**Material for this task**
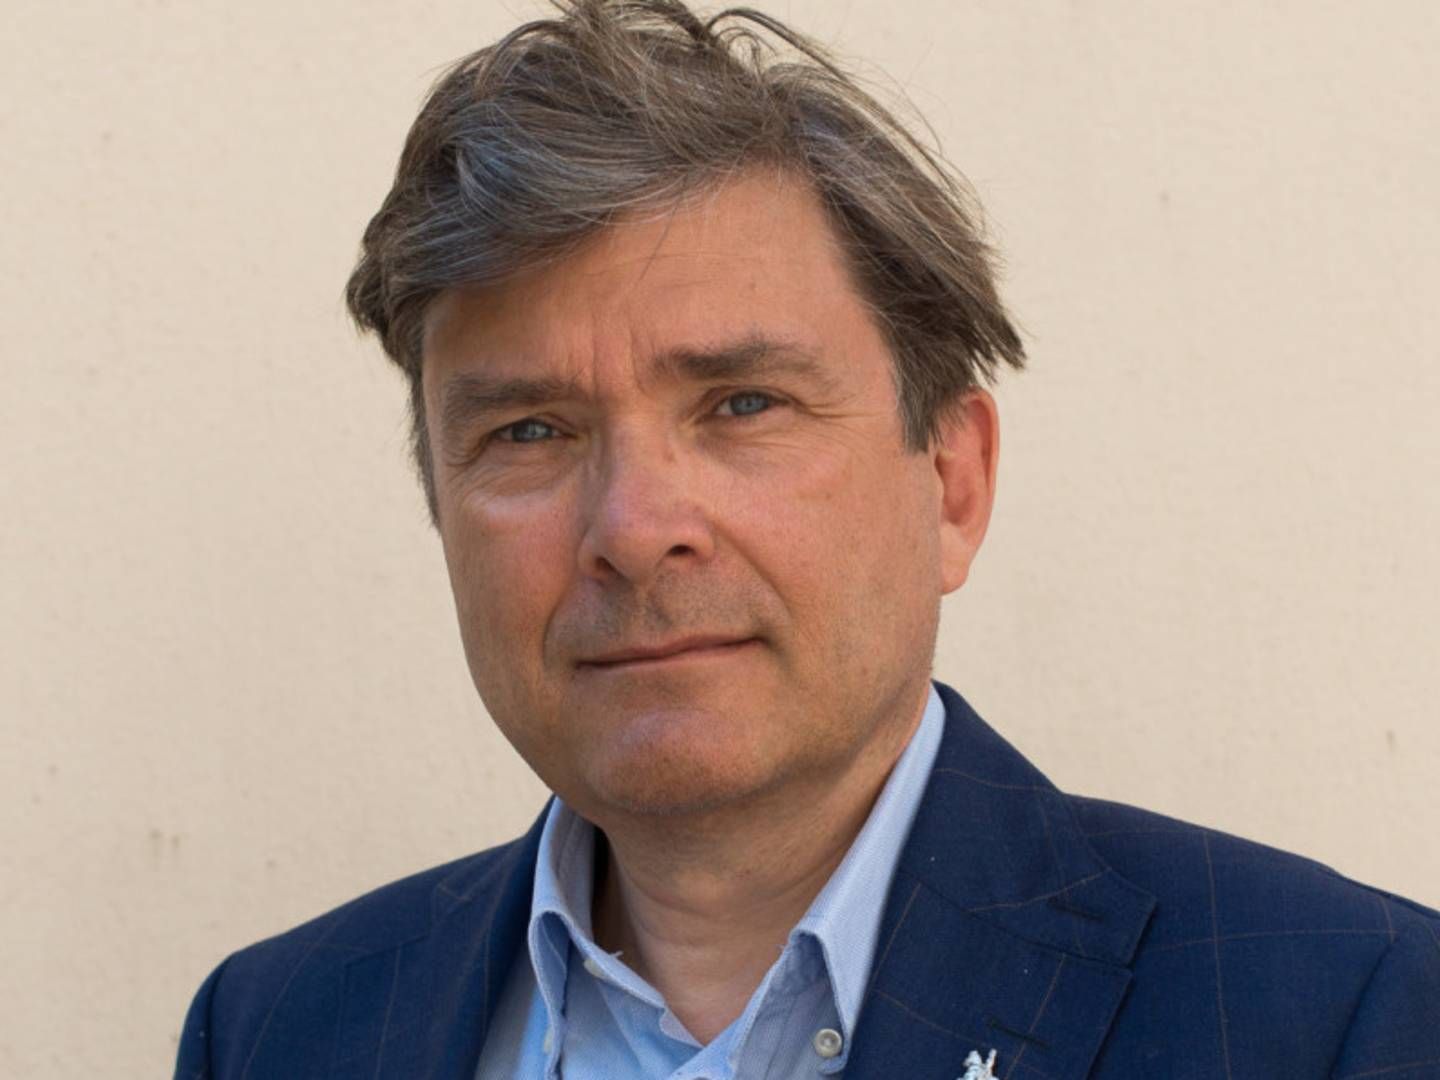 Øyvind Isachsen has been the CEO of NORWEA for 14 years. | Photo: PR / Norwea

---

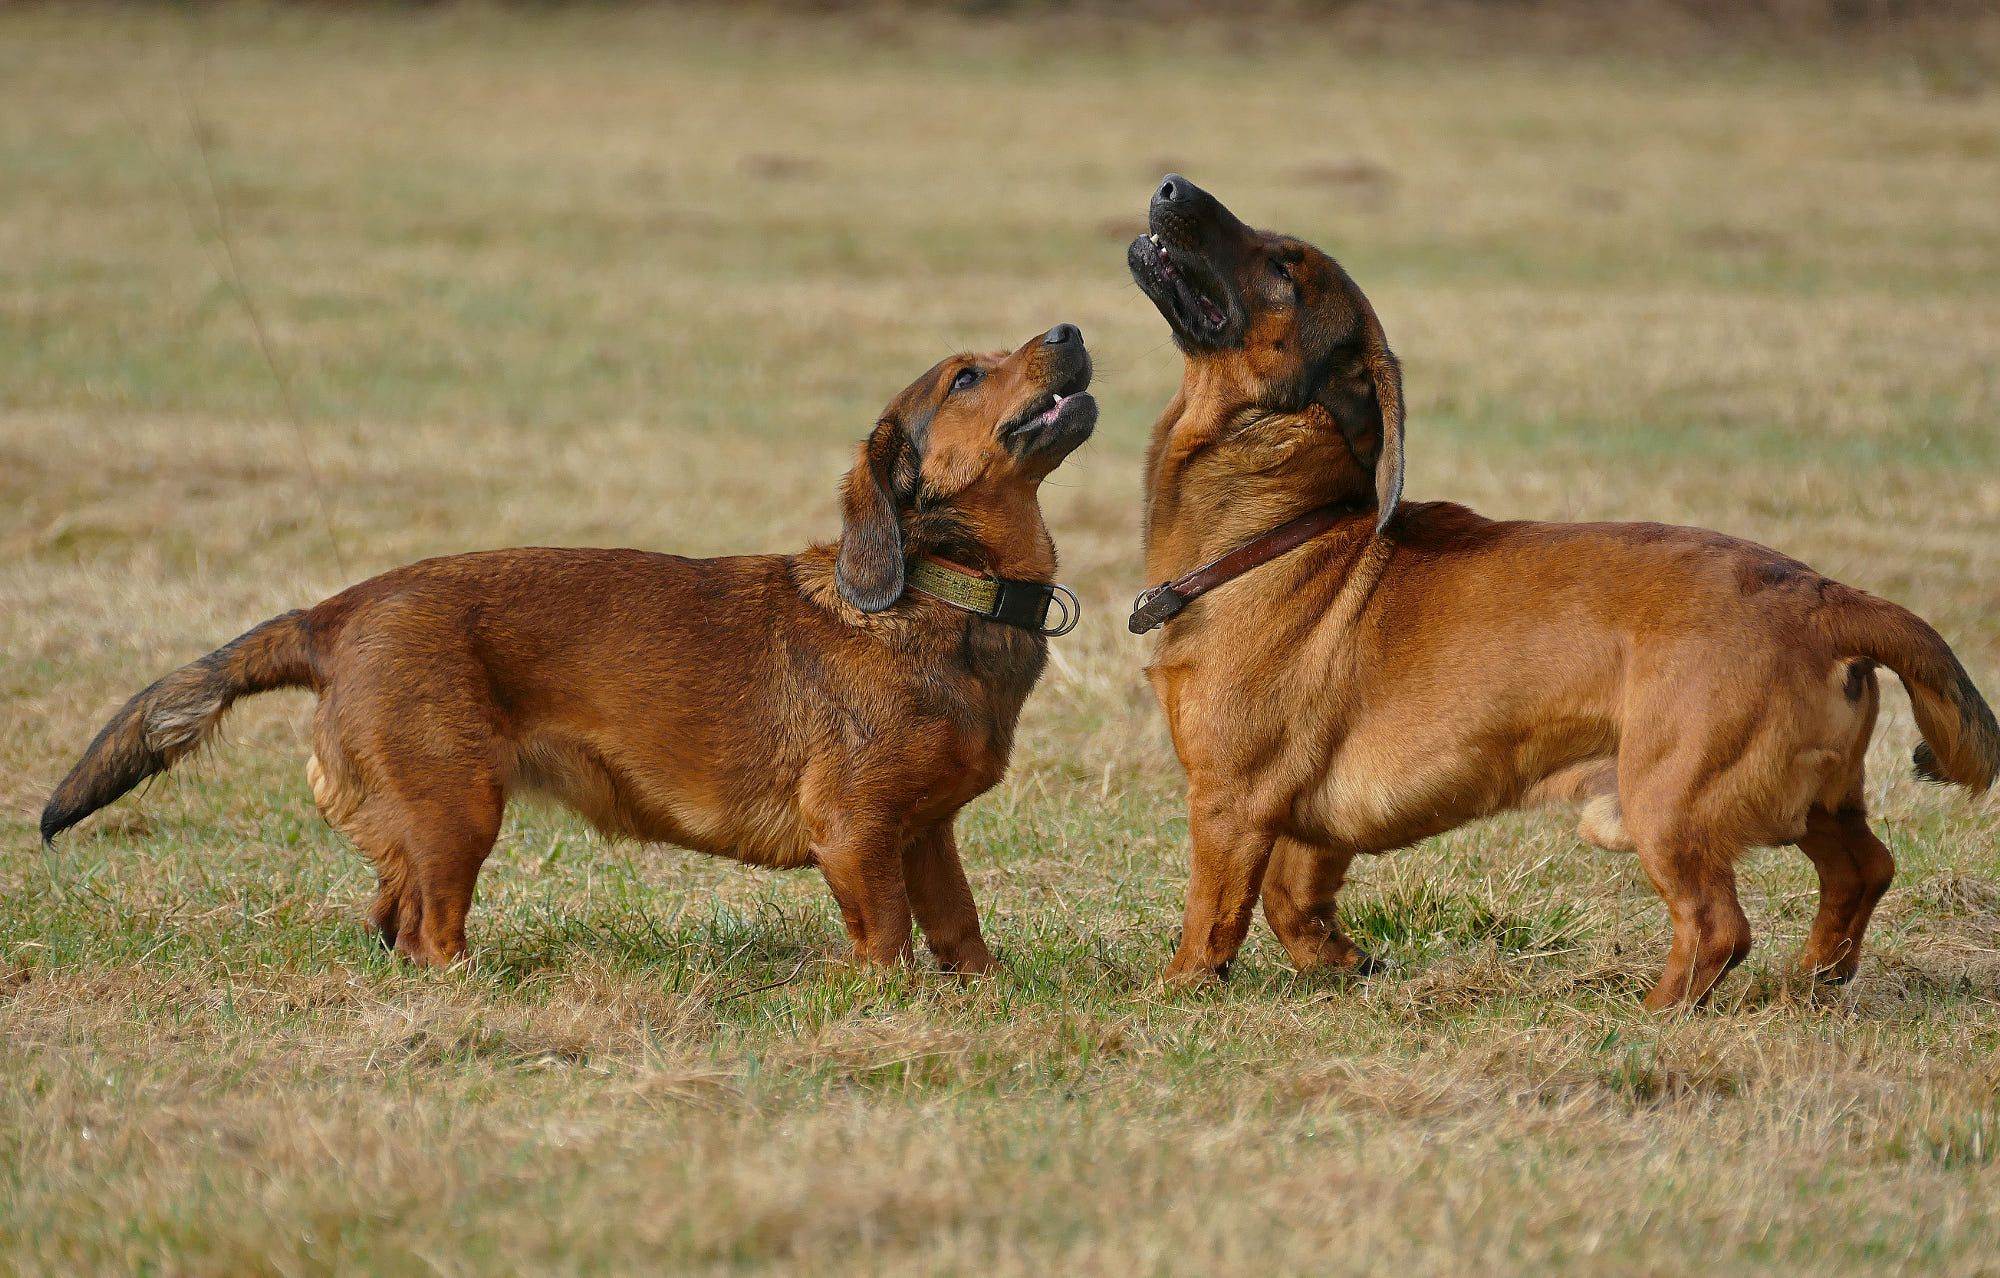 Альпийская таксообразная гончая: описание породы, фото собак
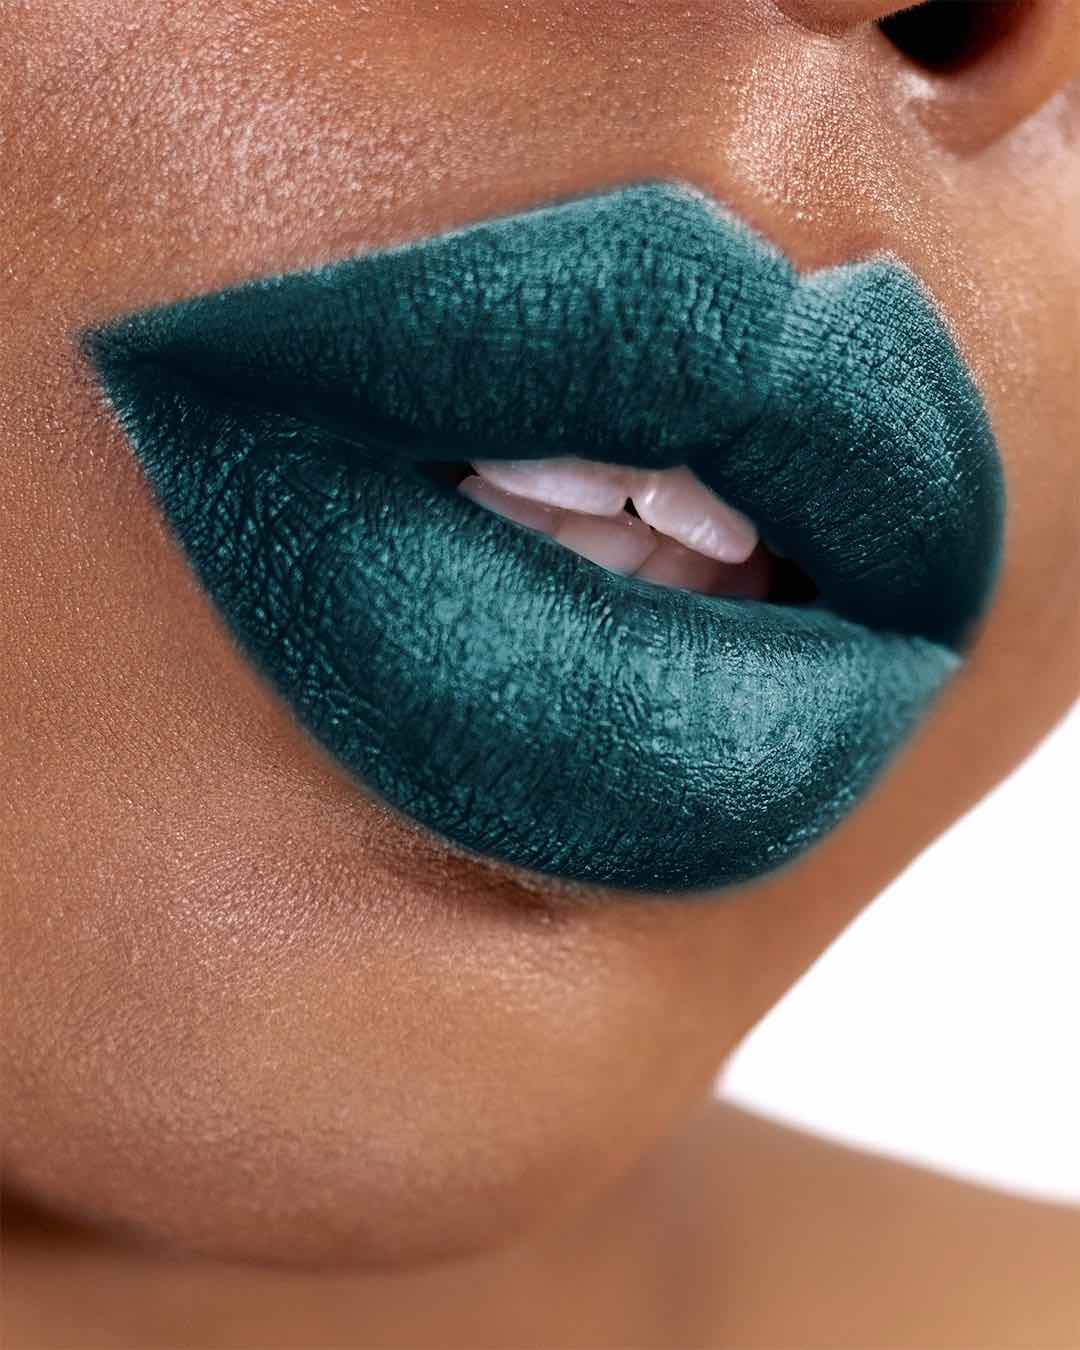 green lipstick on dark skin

**Exercise**
Give back exactly the lines above that run from the one with "Альпийская таксообразная гончая: описание" to the one with "green lipstick on dark skin", including both, with the pictures left out.

**Answer space**
 Альпийская таксообразная гончая: описание породы, фото собак
 green lipstick on dark skin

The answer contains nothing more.